March 22, 2012

(++++) THE RETURN CONTINUES

In the Beginning, There Was Chaos: “For Better or For Worse” 2nd Treasury. By Lynn Johnston. Andrews McMeel. $25.99.

     Lynn Johnston’s reconsideration of the early years of her For Better or For Worse comic strip continues in her second “Treasury” volume much as it began in her first, Something Old, Something New. The approach in the second book is the same as in the first: Johnston polishes early strips, improves the sometimes clumsy art that she created in the strip’s early years, and adds some new sequences to take the story in somewhat different directions or flesh out some characters or plot points to which she had paid scant attention in the original originals.

Johnston’s early strips were frequently funnier than her later ones, albeit more superficial; indeed, not all readers necessarily enjoyed the complex, interwoven and often rather dour plot elements of the later strips, which followed aging characters of multiple generations through life, love, disease, old age and death.

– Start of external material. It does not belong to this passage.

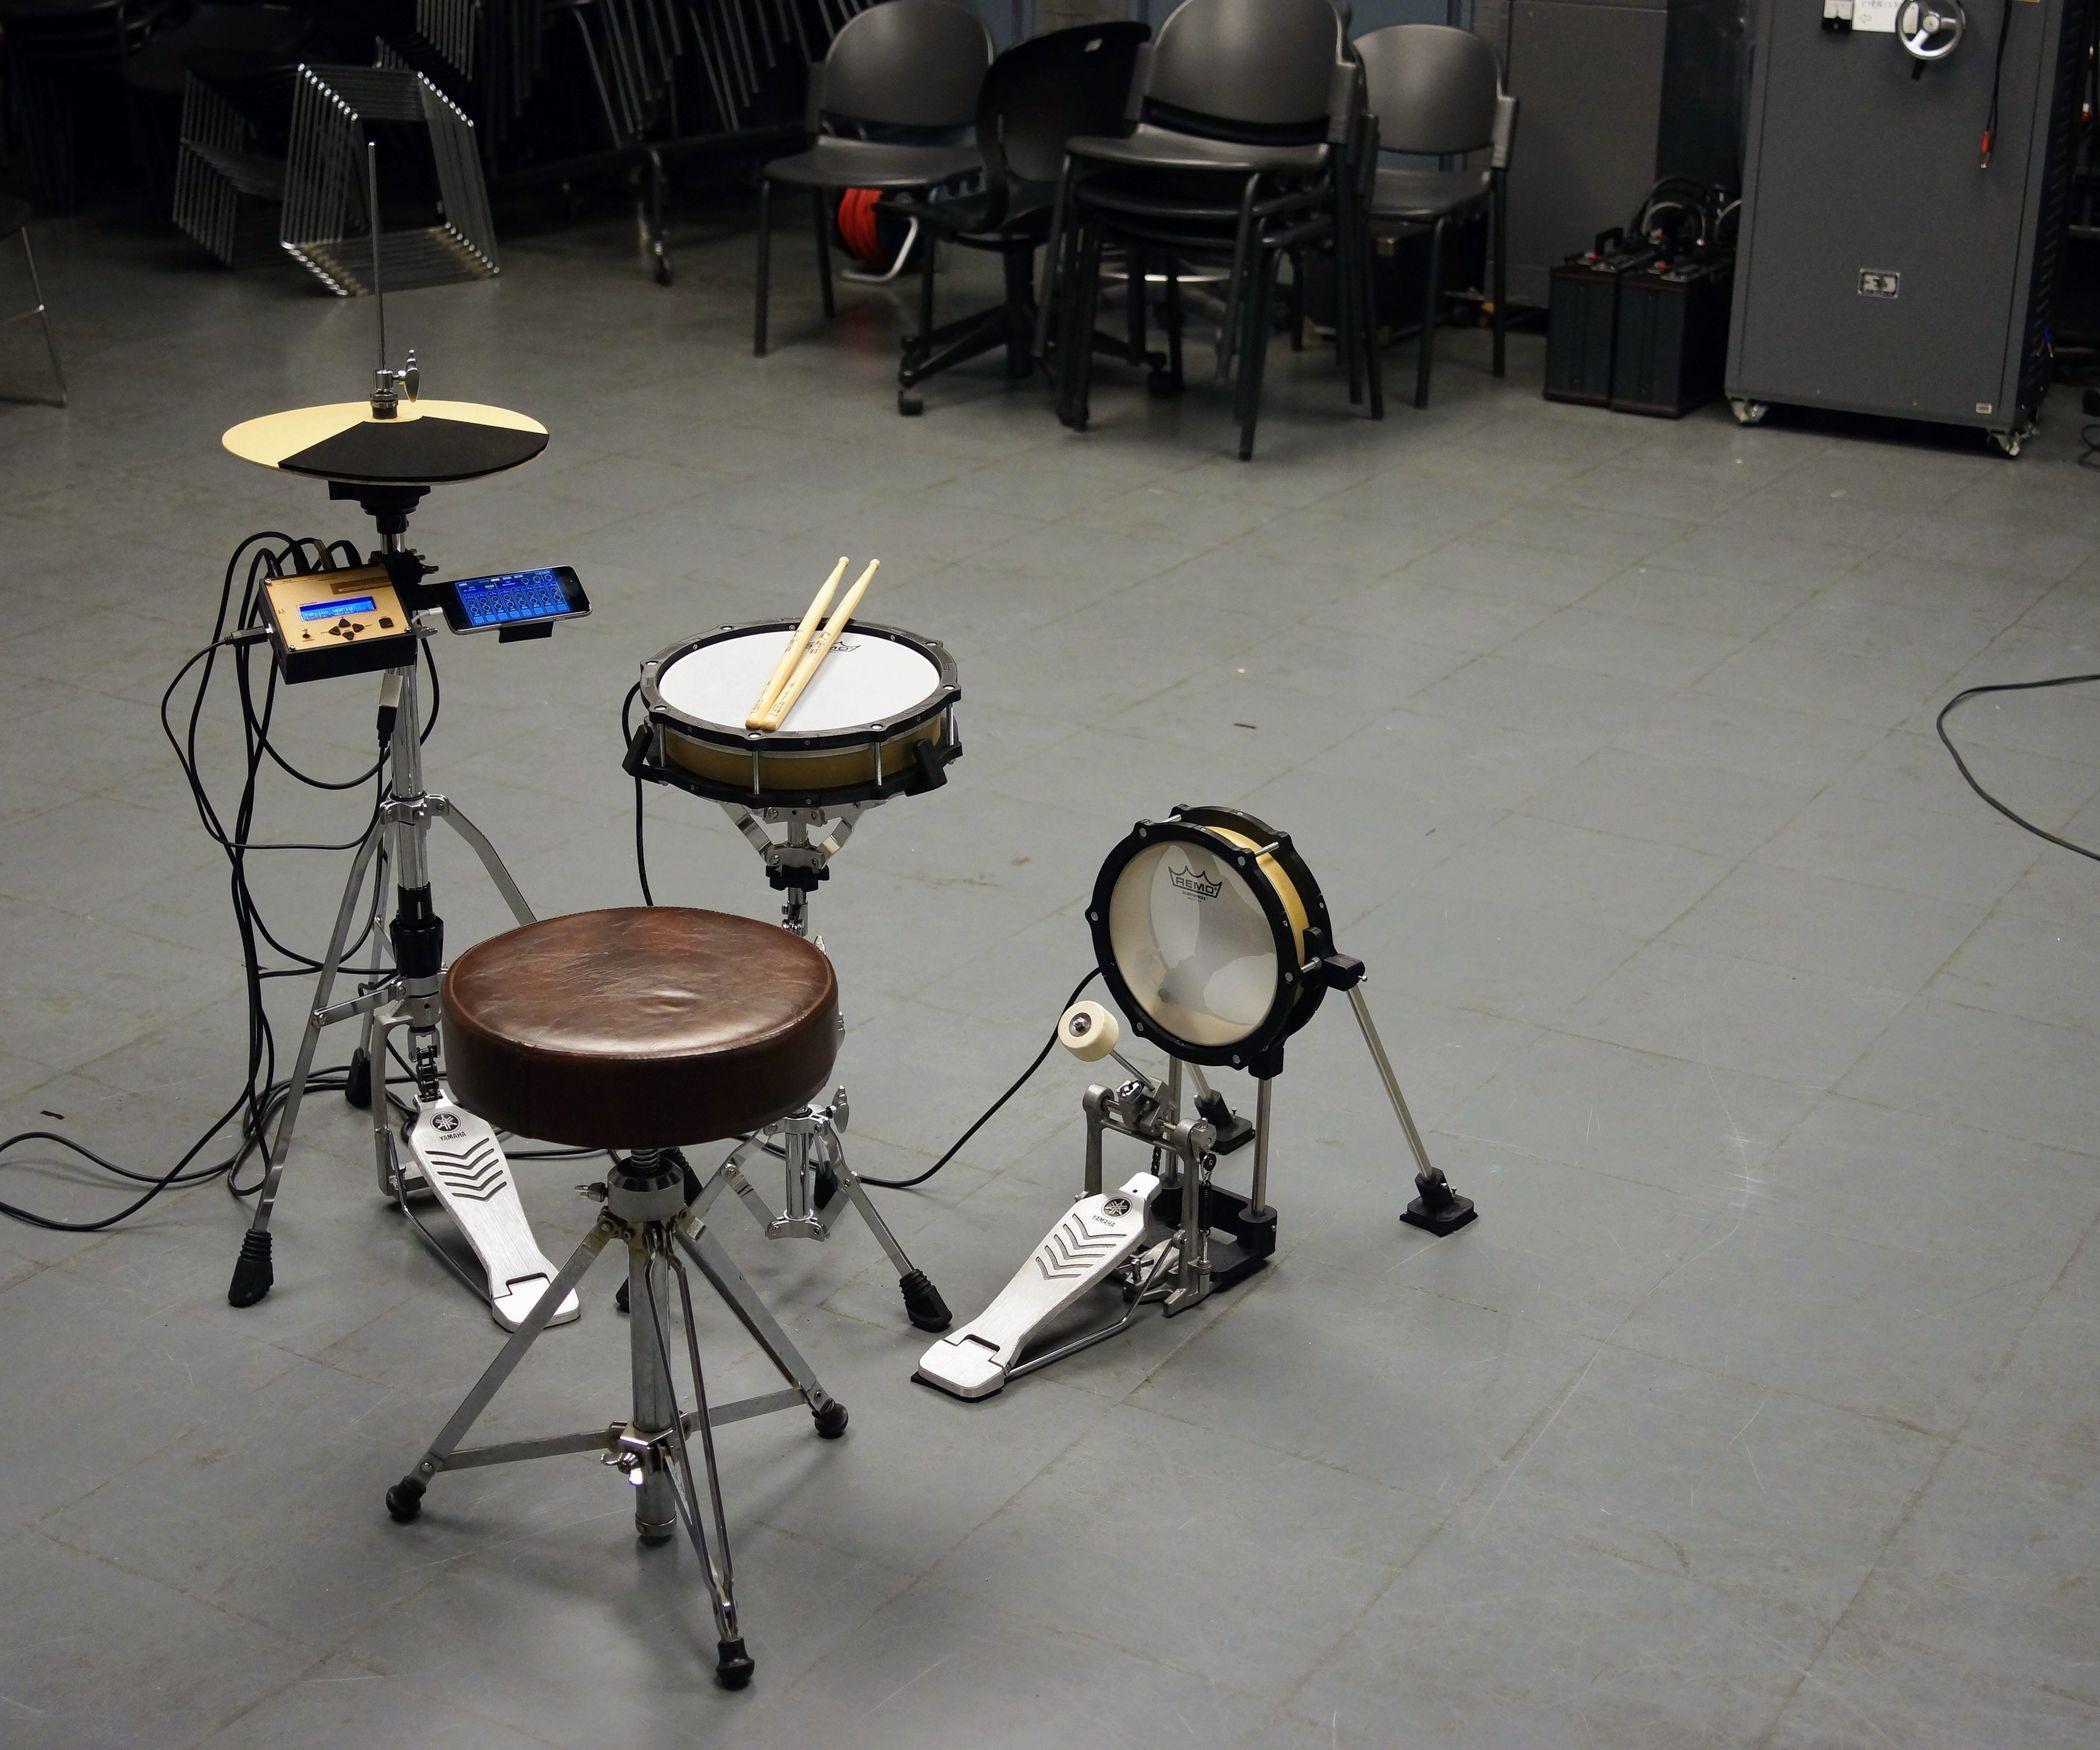 Arduino Minimal Drum Kit. Small 3D printer, Drum kit and Drums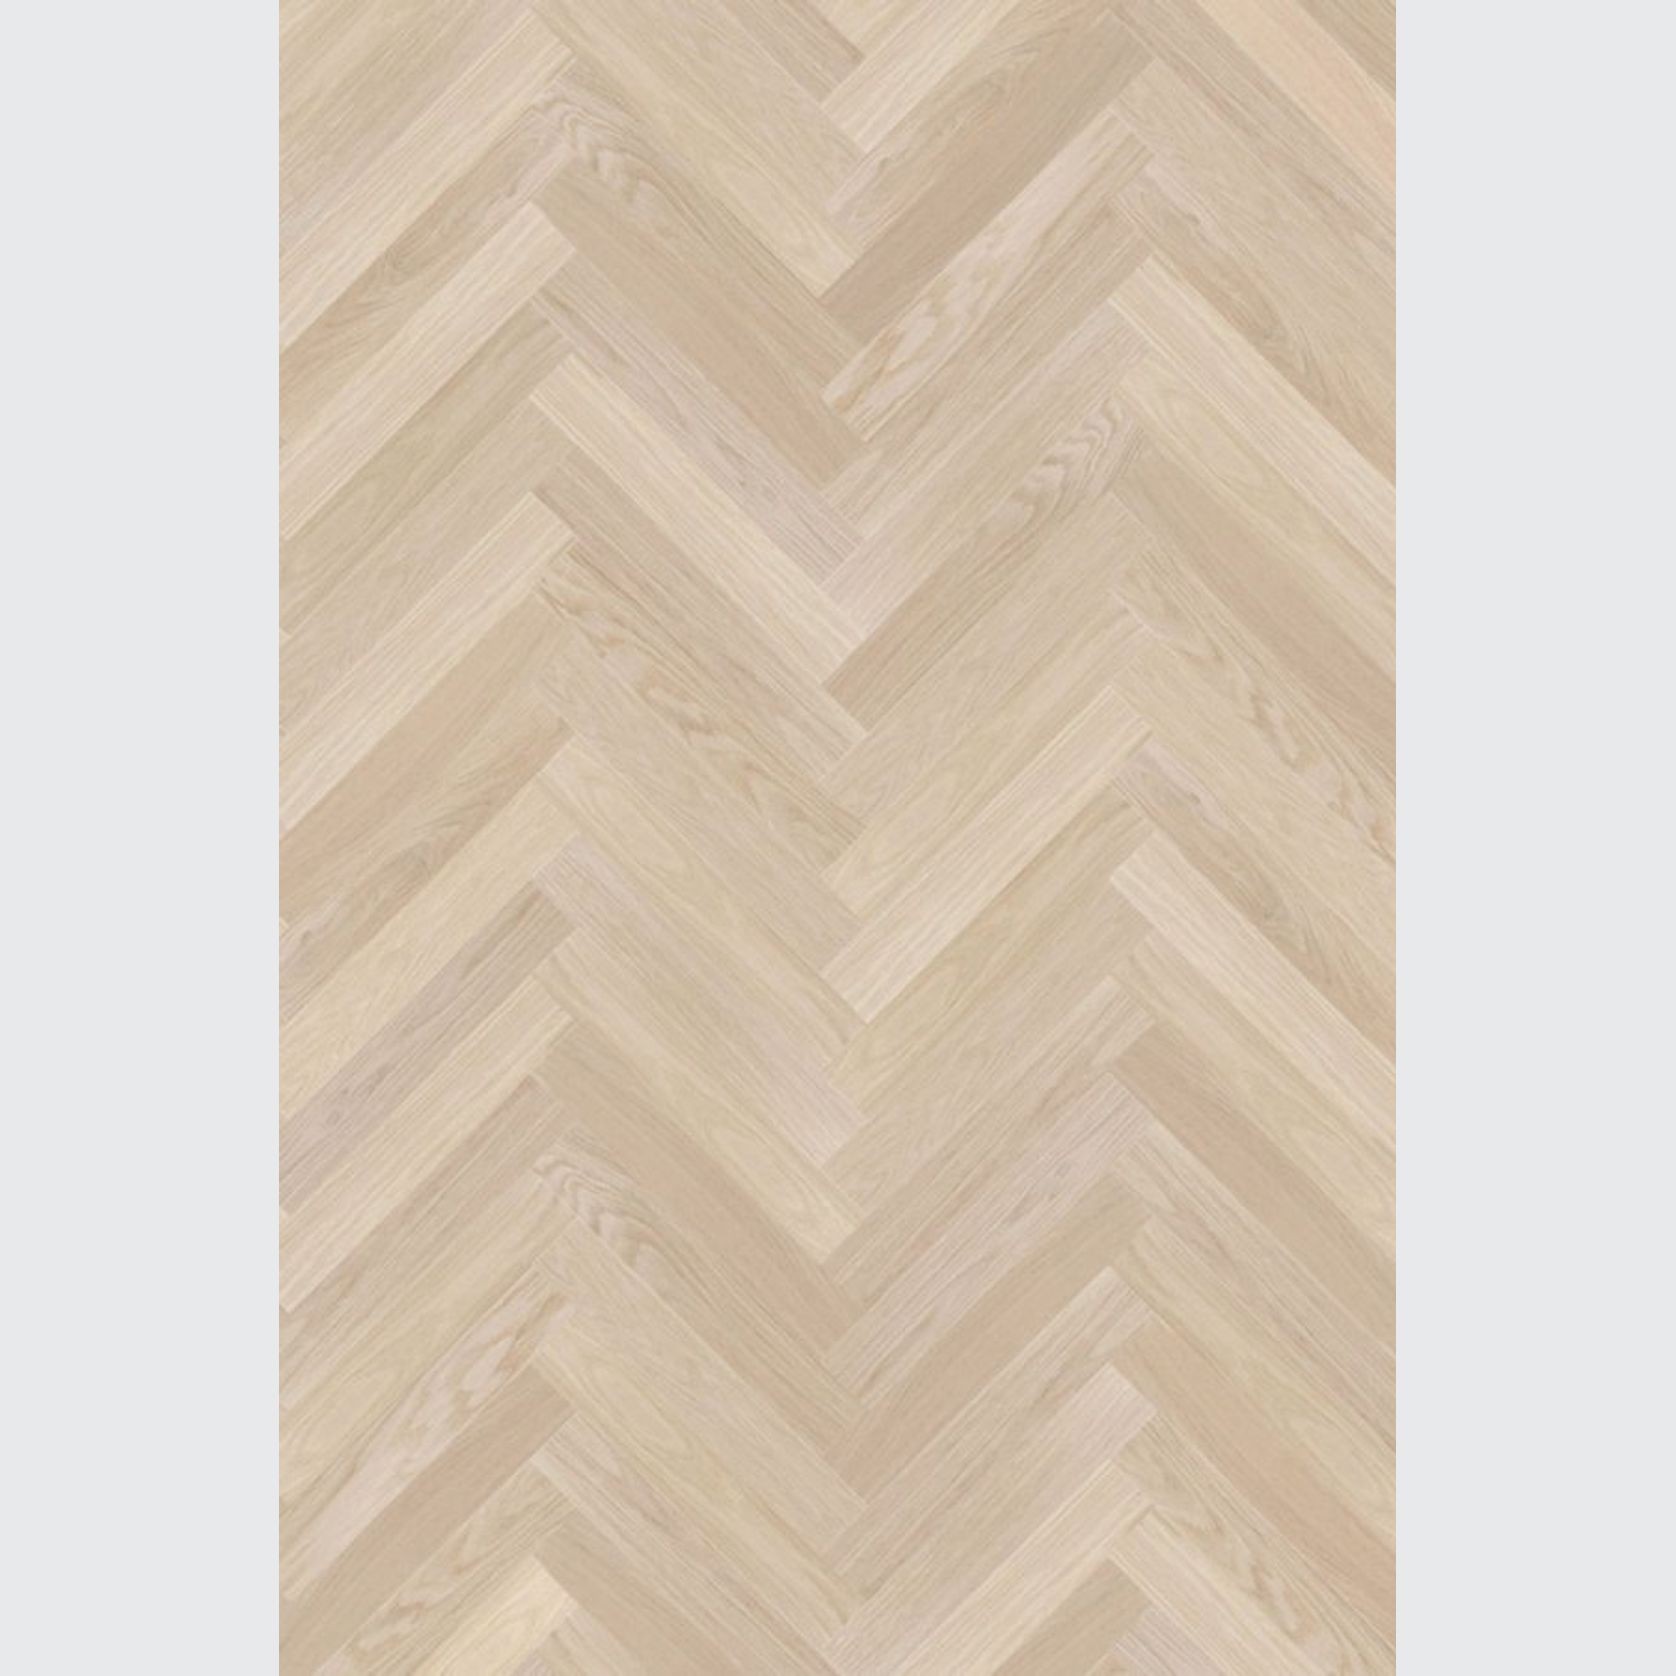 Moda Altro Capri Light Feature Herringbone Timber Flooring gallery detail image

In the Beginning, There Was Chaos, a handsome hardcover book with more than 400 oversize pages, again gives Johnston’s fans – including ones whose newspapers decided not to carry the “restarted” strips that she offered to papers after she stopped drawing For Better or For Worse in 2008 – a chance to look back on the comic’s early years and relive a family-oriented strip that gained considerable depth and intensity over a run of nearly 30 years.

     The strips in In the Beginning, There Was Chaos date to 1981-83, not long after the strip began to be syndicated in 1979. As in the previous “Treasury,” Johnston includes a host of personal revelations (“Of all the household chores, I hate ironing the most”); discussions of which strips are directly based on incidents in her own life (“The dialogue in this strip went exactly as written, except that I kept the punch line to myself!”); photos of herself and her family taken at the time the strips were drawn; and notes on which strips had an “advocacy” element (“Strips like this one were done to support all the smart, productive, and caring moms I knew who were struggling to stay sane”). Johnston reminisces about her feelings about being a housewife part of the time and a cartoonist the rest: “When we accept the role of Mom, we become a nurse, a psychologist, a short-order cook, a laundress, and an alarm clock. Our day seems to belong to everyone else, and there’s rarely time for makeup and hair spray.” And she shows how she worked these thoughts into the strip: the “rarely time for makeup and hair spray” comment accompanies a sequence in which cartoon Elly, Johnston’s alter ego, asks her cartoon husband, John, whether he ever looks around to see if he would rather be with someone else, someone who can “look glamorous before 10:45 a.m.” Elly really is an alternative-reality creation, not Johnston herself, and that is another interesting thing to learn from this book: “The character ‘Elly’ is not me. She is someone I MIGHT have been, given other circumstances. My real life wasn’t nearly as plausible as Elly Patterson’s.”

     Although Johnston puts these early strips in context, some of the ancillary material she includes is charmingly (some might say irritatingly) outdated – for example, the newspaper story about her from September 21, 1981, which begins, “Lynn Johnston could be the envy of the coffee klatsch. Sure, she cooks and cleans, mops and shops, just like the rest of us. She even has a career she pursues every morning from nine to noon. But, unlike the rest of us, Lynn literally gets to tell the world about it.” That sort of prose has certainly lost its charm, but Johnston’s own has not, whether she is writing about spice cake from a favorite bakery whose name she included in one Sunday strip or discussing another Sunday’s “trip to the dump” panels in the context of her own family’s adventures with discards. Touchingly, she tells about the gooseneck lamp that her father found at a dump one time and kept for 40 years, after which it passed to Johnston’s brother, who still uses it. “Touching” is, in fact, an apt word for the quality that made For Better or For Worse so special and so popular for so many years. The strips in In the Beginning, There Was Chaos may not have the polish of those of later years, and the story lines may not be as fully integrated as they later became, but this collection shows clearly just how, and why, so many readers were touched so often by Johnston’s take on everyday family life.